What is needed: In the records below, reproduce exactly the lines from the one containing "Old egg-case of" through the one containing "Chapter 16Bandwidth ManagementNBG-417N", both included, and omit the pictures.

Input for this task:
########

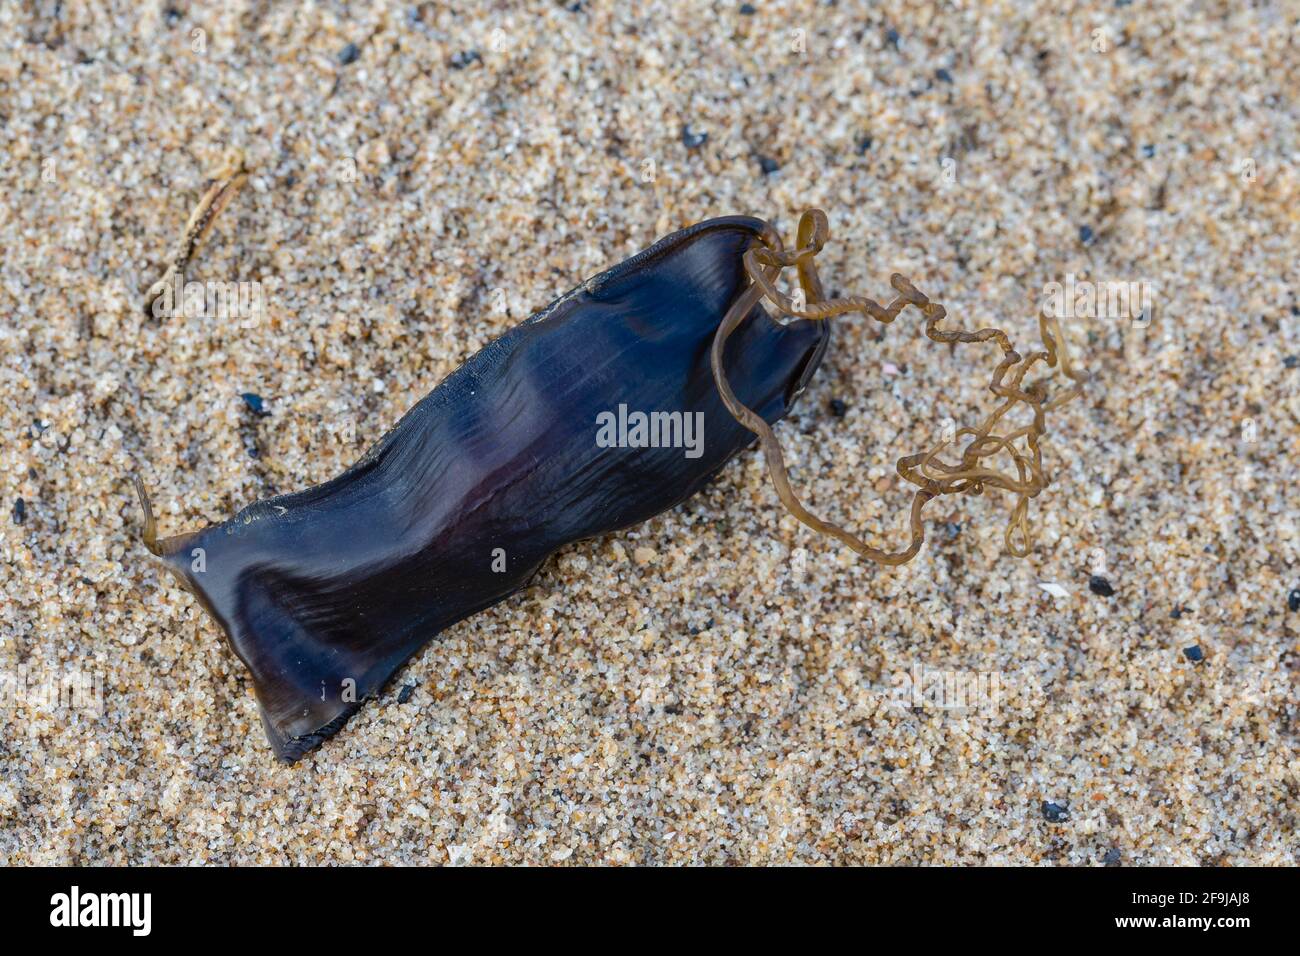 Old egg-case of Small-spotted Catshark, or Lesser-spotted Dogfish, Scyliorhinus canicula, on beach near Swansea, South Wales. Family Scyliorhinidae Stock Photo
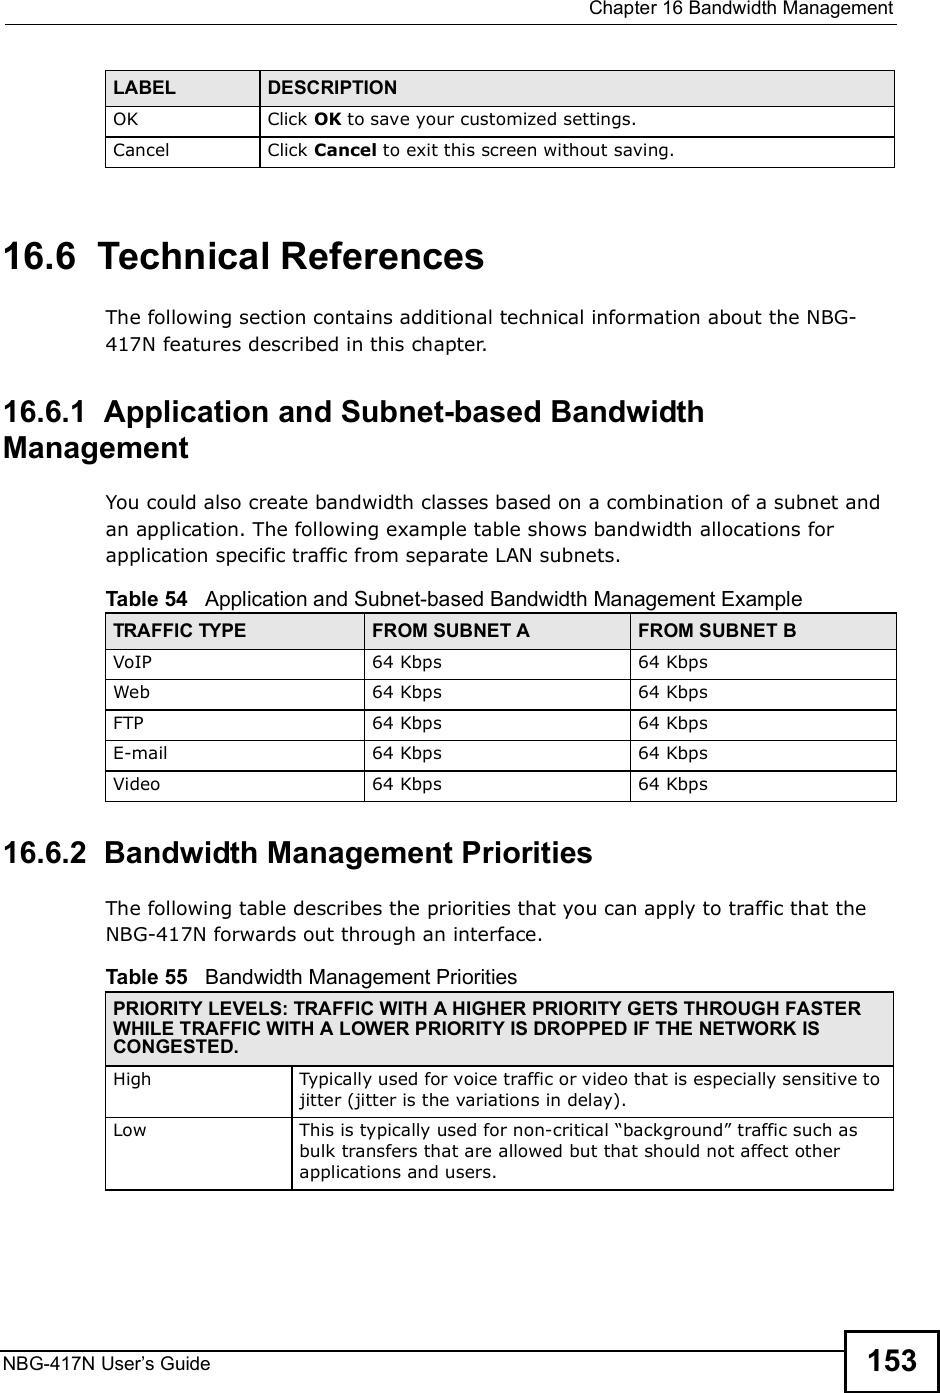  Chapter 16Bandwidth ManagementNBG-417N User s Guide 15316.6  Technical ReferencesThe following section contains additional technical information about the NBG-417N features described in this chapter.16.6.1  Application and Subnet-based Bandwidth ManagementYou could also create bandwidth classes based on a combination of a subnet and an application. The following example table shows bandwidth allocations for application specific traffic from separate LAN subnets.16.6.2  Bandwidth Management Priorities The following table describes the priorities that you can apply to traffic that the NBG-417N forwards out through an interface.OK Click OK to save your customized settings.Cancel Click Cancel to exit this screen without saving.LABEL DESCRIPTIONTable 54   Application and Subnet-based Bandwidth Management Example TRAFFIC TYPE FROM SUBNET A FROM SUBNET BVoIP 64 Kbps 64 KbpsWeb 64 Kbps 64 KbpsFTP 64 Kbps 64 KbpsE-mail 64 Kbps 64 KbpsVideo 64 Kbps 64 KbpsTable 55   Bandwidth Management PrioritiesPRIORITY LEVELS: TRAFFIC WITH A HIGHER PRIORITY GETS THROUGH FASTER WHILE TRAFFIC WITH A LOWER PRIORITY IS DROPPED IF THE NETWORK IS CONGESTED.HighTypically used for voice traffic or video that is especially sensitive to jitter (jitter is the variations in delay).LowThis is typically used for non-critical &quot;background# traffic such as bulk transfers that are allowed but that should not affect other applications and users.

########

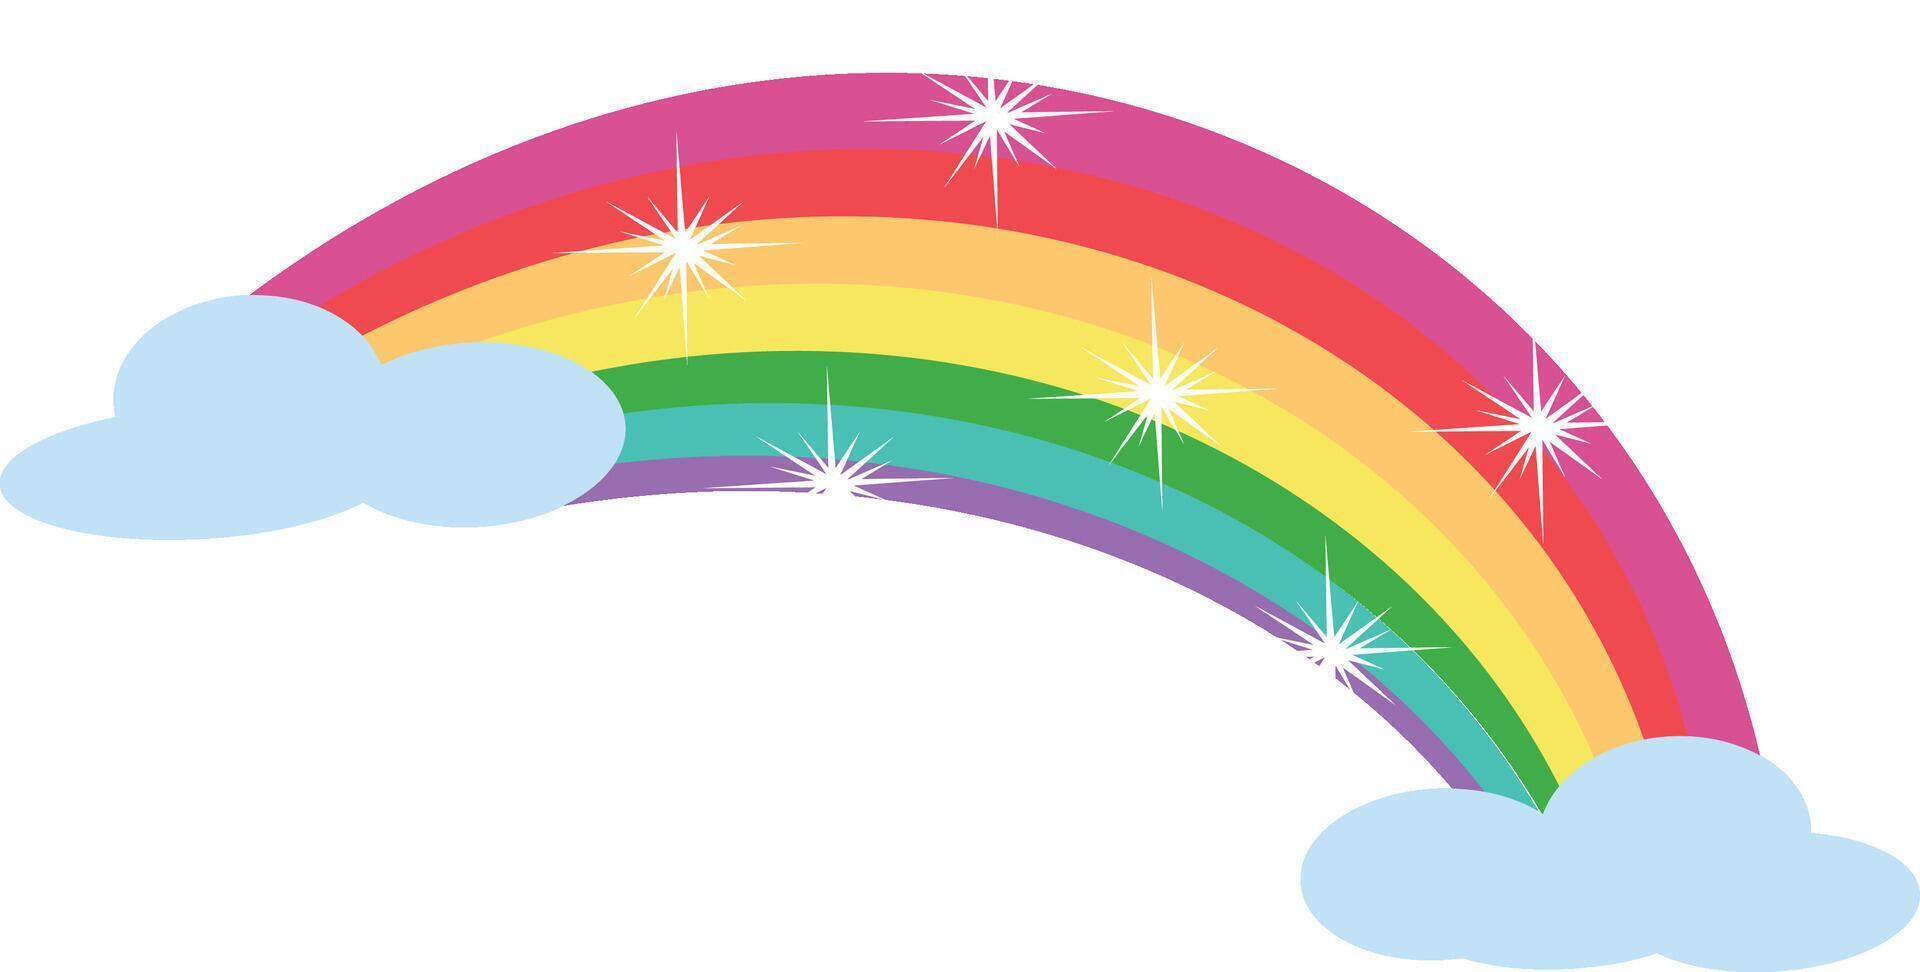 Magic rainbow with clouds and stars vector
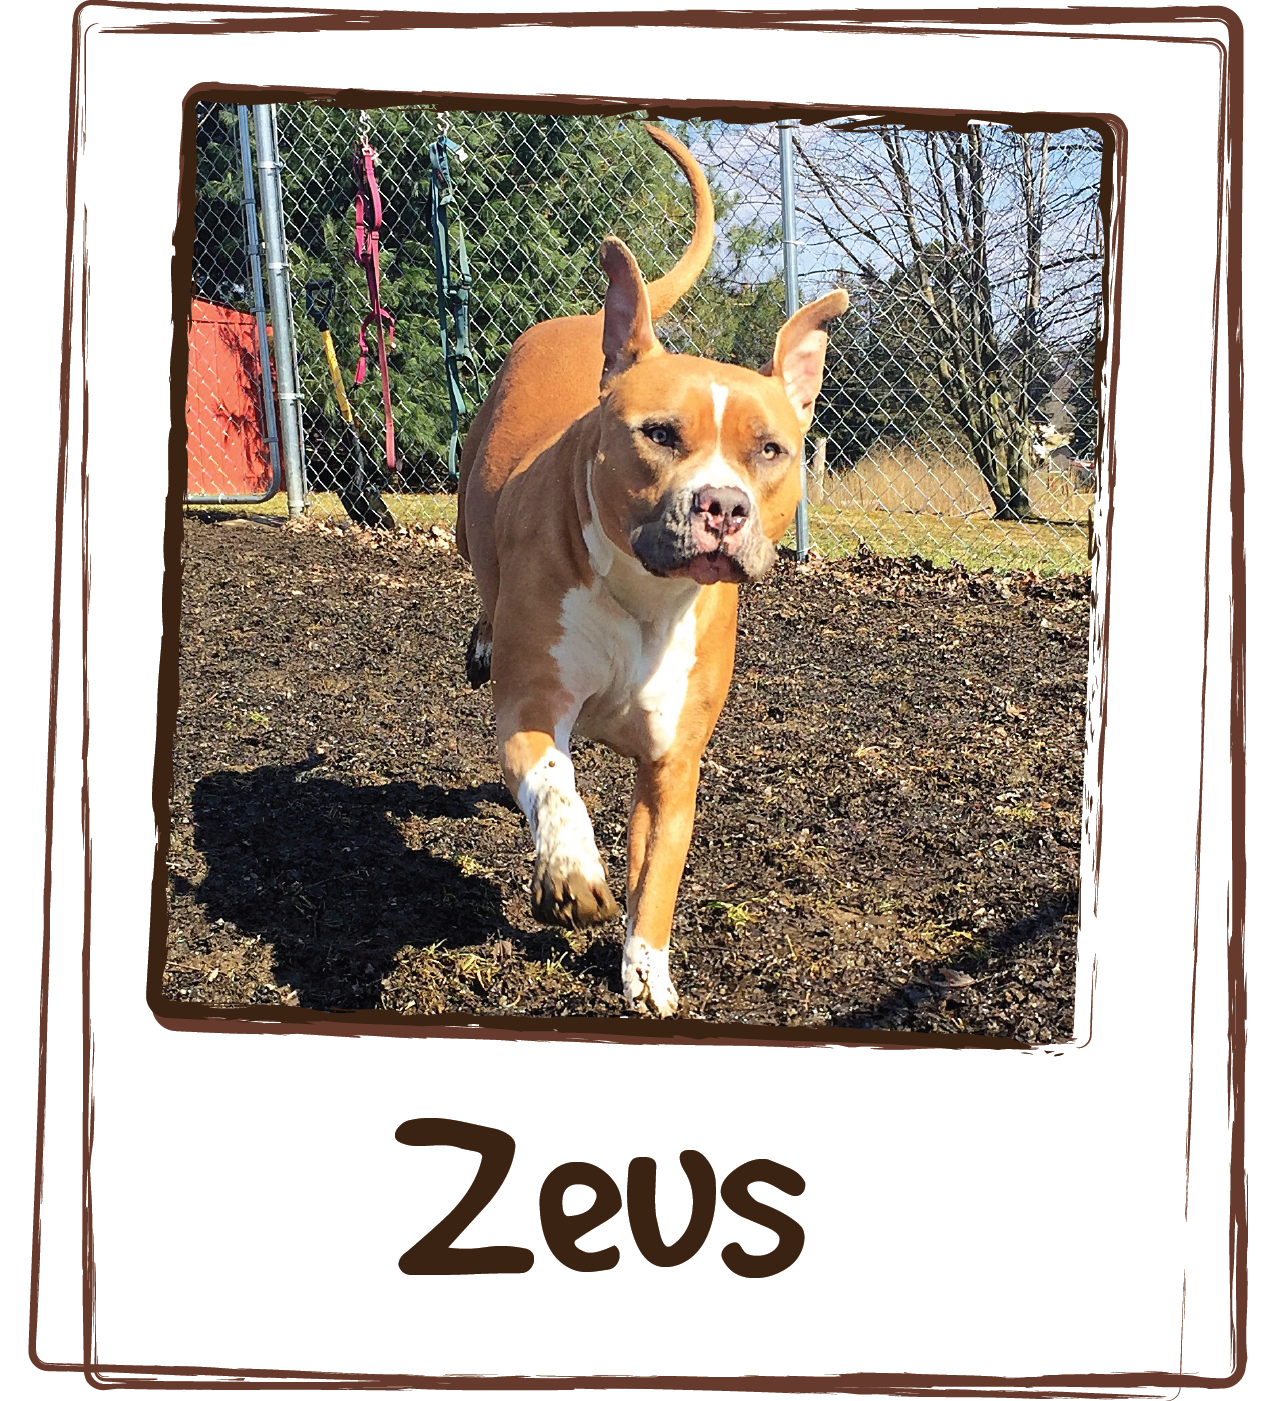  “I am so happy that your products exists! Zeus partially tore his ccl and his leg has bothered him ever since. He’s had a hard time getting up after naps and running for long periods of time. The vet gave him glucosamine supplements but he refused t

########

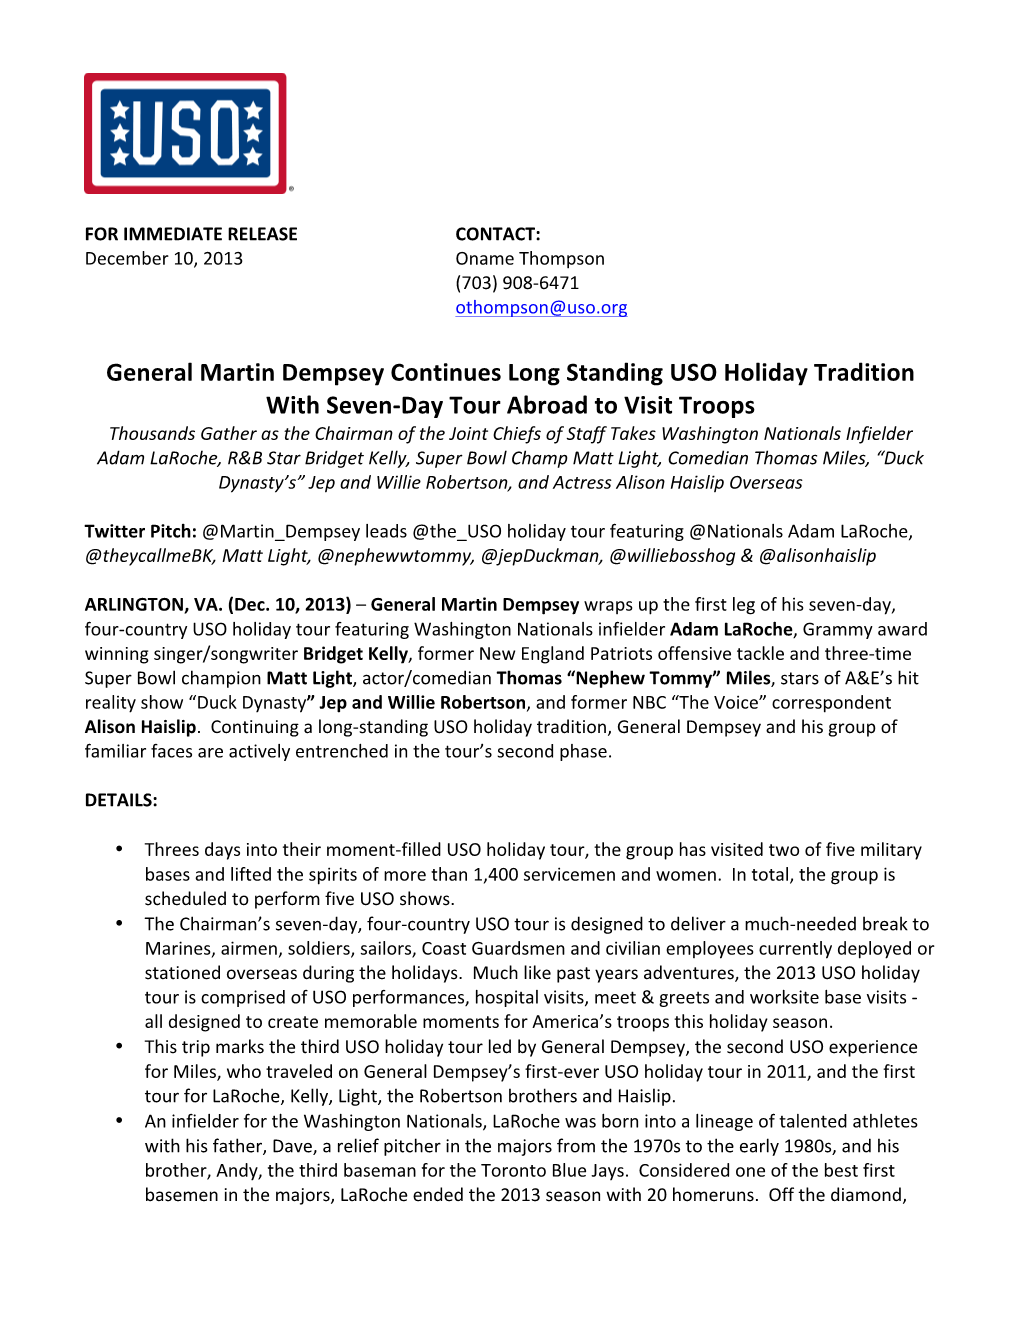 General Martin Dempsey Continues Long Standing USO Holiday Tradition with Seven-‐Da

########

Exercise response:
 Old egg-case of Small-spotted Catshark, or Lesser-spotted Dogfish, Scyliorhinus canicula, on beach near Swansea, South Wales. Family Scyliorhinidae Stock Photo
  Chapter 16Bandwidth ManagementNBG-417N User s Guide 15316.6  Technical ReferencesThe following section contains additional technical information about the NBG-417N features described in this chapter.16.6.1  Application and Subnet-based Bandwidth ManagementYou could also create bandwidth classes based on a combination of a subnet and an application. The following example table shows bandwidth allocations for application specific traffic from separate LAN subnets.16.6.2  Bandwidth Management Priorities The following table describes the priorities that you can apply to traffic that the NBG-417N forwards out through an interface.OK Click OK to save your customized settings.Cancel Click Cancel to exit this screen without saving.LABEL DESCRIPTIONTable 54   Application and Subnet-based Bandwidth Management Example TRAFFIC TYPE FROM SUBNET A FROM SUBNET BVoIP 64 Kbps 64 KbpsWeb 64 Kbps 64 KbpsFTP 64 Kbps 64 KbpsE-mail 64 Kbps 64 KbpsVideo 64 Kbps 64 KbpsTable 55   Bandwidth Management PrioritiesPRIORITY LEVELS: TRAFFIC WITH A HIGHER PRIORITY GETS THROUGH FASTER WHILE TRAFFIC WITH A LOWER PRIORITY IS DROPPED IF THE NETWORK IS CONGESTED.HighTypically used for voice traffic or video that is especially sensitive to jitter (jitter is the variations in delay).LowThis is typically used for non-critical &quot;background# traffic such as bulk transfers that are allowed but that should not affect other applications and users.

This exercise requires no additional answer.